Да, так и так выходило, что иного пути нет, кроме как подать в отставку!
Но и в отставку нельзя было уйти без копейки. Ах, если бы расщедрился наконец эта свинья Карепин!
Федор решил снова написать ему. Разумеется, он и не думал открывать все карты, а только всячески нажимал на долги; выходило, что его прошение об отставке вызвано исключительно долгами. Словно мимоходом сообщая, что не мог написать тотчас же из-за отсутствия денег на почту, он яркими красками изображал свое безвыходное положение и даже перечислял свои неотложные нужды:
«…Уведомляю вас, Петр Андреевич, что имею величайшую надобность в платье. Зимы в Петербурге холодны, а осени весьма сыры и вредны для здоровья. Из чего следует очевидно, что без платья ходить нельзя, а не то можно протянуть ноги. Конечно есть на этот счет весьма благородная пословица – туда и дорога! Но эту пословицу употребляют только в крайних случаях, до крайности же я не дошел. Так как я не буду иметь квартиры, ибо со старой за неплатеж нужно непременно съехать, то мне придется жить на улице, или спать под колоннадою Казанского Собора. – Но так как это не здорово, то нужно иметь квартиру. – Существует полупословица, что в таком случае можно найти казенную, но это только в крайних случаях, а я еще не дошел до подобной крайности. Наконец, нужно есть. Потому что неесть нездорово, но так как тут нет ни вспомогательного средства ни пословицы, то остается умереть с голоду; но это только в крайних случаях возможно, а я, Слава Всевышнему, еще не дошел до подобной крайности…»
«Мои письма – chef-d’oeuvre{3} беллетристики», – писал он в то же время брату; вот с кем можно было говорить душевно и просто, кто с первого слова все понимал.
Письмо к брату вышло без всякой связи, но горячее и убедительное:
«…Подал я в отставку оттого что подал, т. е. клянусь тебе, не мог служить более. Жизни не рад, как отнимают лучшее время даром. Дело в том, что я наконец никогда не хотел служить долго, следовательно, зачем терять хорошие годы? А наконец главное: меня хотели командировать – ну скажи пожалуйста, что бы я стал делать без Петербурга. Куда бы я годился? – Ты меня хорошо понимаешь?
На счет моей жизни не беспокойся. Кусок хлеба я найду скоро. Я буду адски работать. Теперь я свободен. Но что я буду делать теперь, в настоящую-то минуту? – вот вопрос. Вообрази себе, брат, что я должен 800 руб., из коих хозяину 525 руб. асс. (я написал домой, что долгов у меня 1500 руб., зная их привычку присылать одну треть чего просишь).

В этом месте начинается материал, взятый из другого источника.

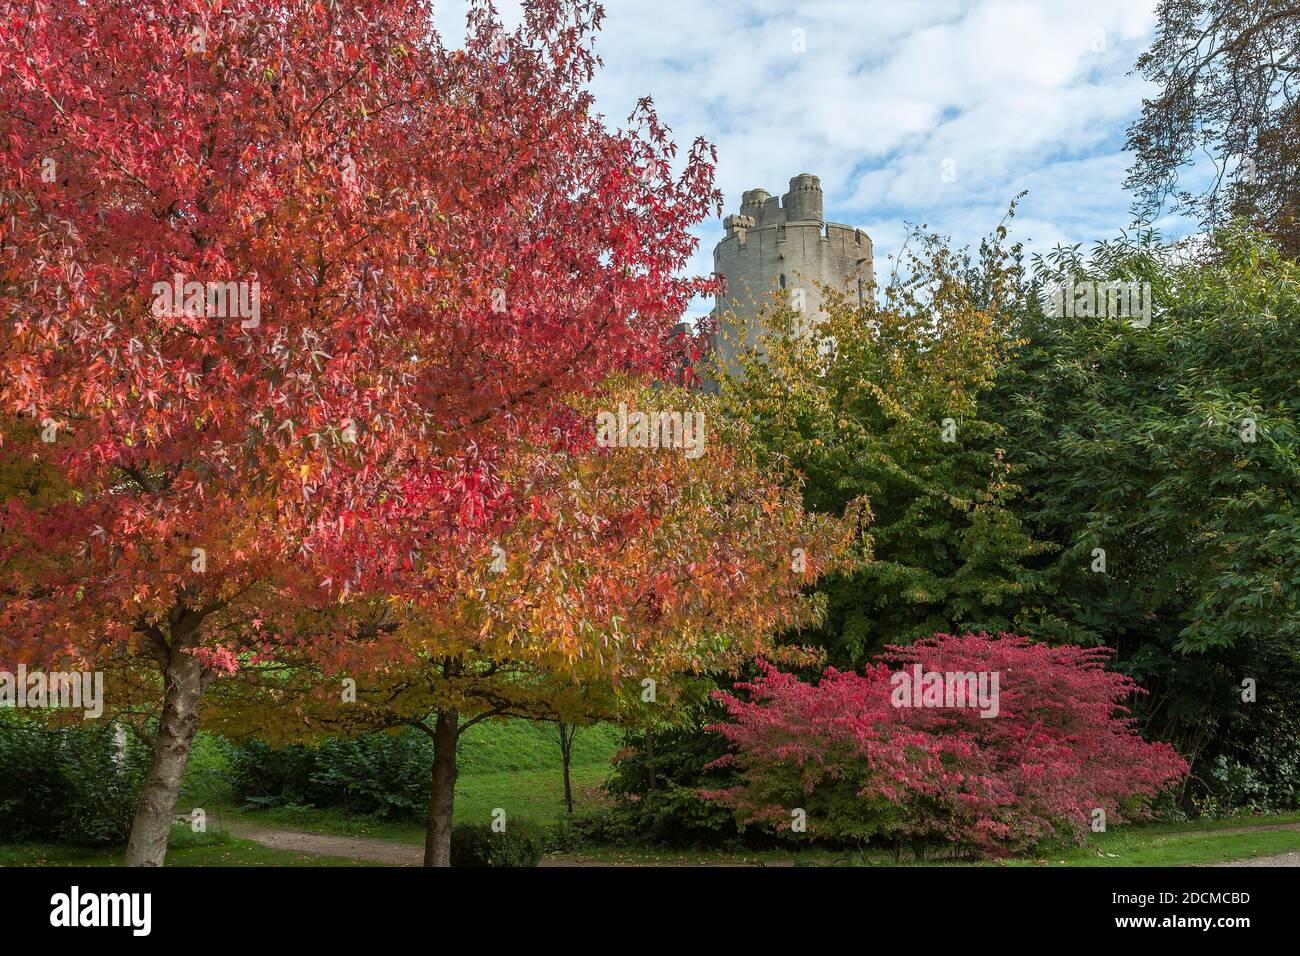 Un aperçu de l'une des tours du château d'Arundel, depuis les jardins du château, Arundel, West Sussex, Angleterre, Royaume-Uni: Sucrine américaine (Liquidambar styraciflua) Banque D'Images

…Отставка моя выходит к 14 октября. Если свиньи москвичи промедлят, я пропал. – И меня пресерьезно стащат в тюрьму (это ясно). Прекомическое обстоятельство.
…Брат, пиши домой как можно скорее, пожалуйста… Я в страшном положении: ведь 14 самый дальний срок; я уже полтора месяца как подал. Ради небес! Проси их, чтобы прислали мне. Главное, я буду без платья. Хлестаков соглашается идти в тюрьму, только благородным образом. Ну, а если у меня штанов не будет, будет ли это благородным образом?..»
Кончилось тем, что в ноябре Карепин прислал тысячу рублей. Однако деньги эти разошлись в один вечер – на уплату долгов (большую часть долгов он все-таки уплатил!), на ужин в ресторане Лерха и на бильярд и еще бог знает на что, – во всяком случае, утром следующего дня у него уже снова не было ни гроша.
Федор знал, что Марья Михайловна была дочерью петербургского чиновника, но с семейством порвала. Она ли порвала, или родители отреклись от нее? И не Винников ли тут причиной? – думал он часто. А ее отношения с Винниковым? Они были загадкой, и загадкой мучительной. Ну что, в самом деле, между ними общего? А может быть, она просто уступила? Нет, она могла бы уступить лишь до известной черты: на многое могла бы она согласиться, даже из того, что противоречит ее убеждениям, но есть такая черта честности, правил и крайних убеждений, за которую никакие обстоятельства не заставили бы ее переступить. Но тогда что же? И неужели же она – умная, проницательная, образованная – так глубоко, можно сказать трагически, заблуждается в нем?
Если не считать Наденьки, Марья Михайловна была первой женщиной, с которой он мог разговаривать по-товарищески. Более того – ее мысли, рассуждения по-настоящему интересовали, а порой и волновали его. И в то же время она была обаятельно женственной; в особенности она была хороша, когда ходила, скрестив руки, по комнате и задумчиво, словно рассуждая сама с собой, роняла медленные, проникновенные слова…
Ее посещения стали для него праздником, он ждал их, мечтал о них; случалось, что Марья Михайловна приходила в его отсутствие, и тогда он расстраивался до такой степени, что чувствовал себя больным. Но никогда, ни разу он не сделал попытки узнать, когда намеревается она прийти снова; зато он все реже и реже отлучался из дома, а отлучившись, старался поскорее вернуться. Бывало, его ни с того ни с сего охватывала уверенность в том, что она пришла и ждет его; тогда он бросал все дела и стремглав несся домой… Только бы успеть, только бы захватить! Еще хорошо, что никто из знакомых не видал его в эти минуты: смешно, должно быть, он выглядел – совсем как всегда спешащий куда-то Григорович.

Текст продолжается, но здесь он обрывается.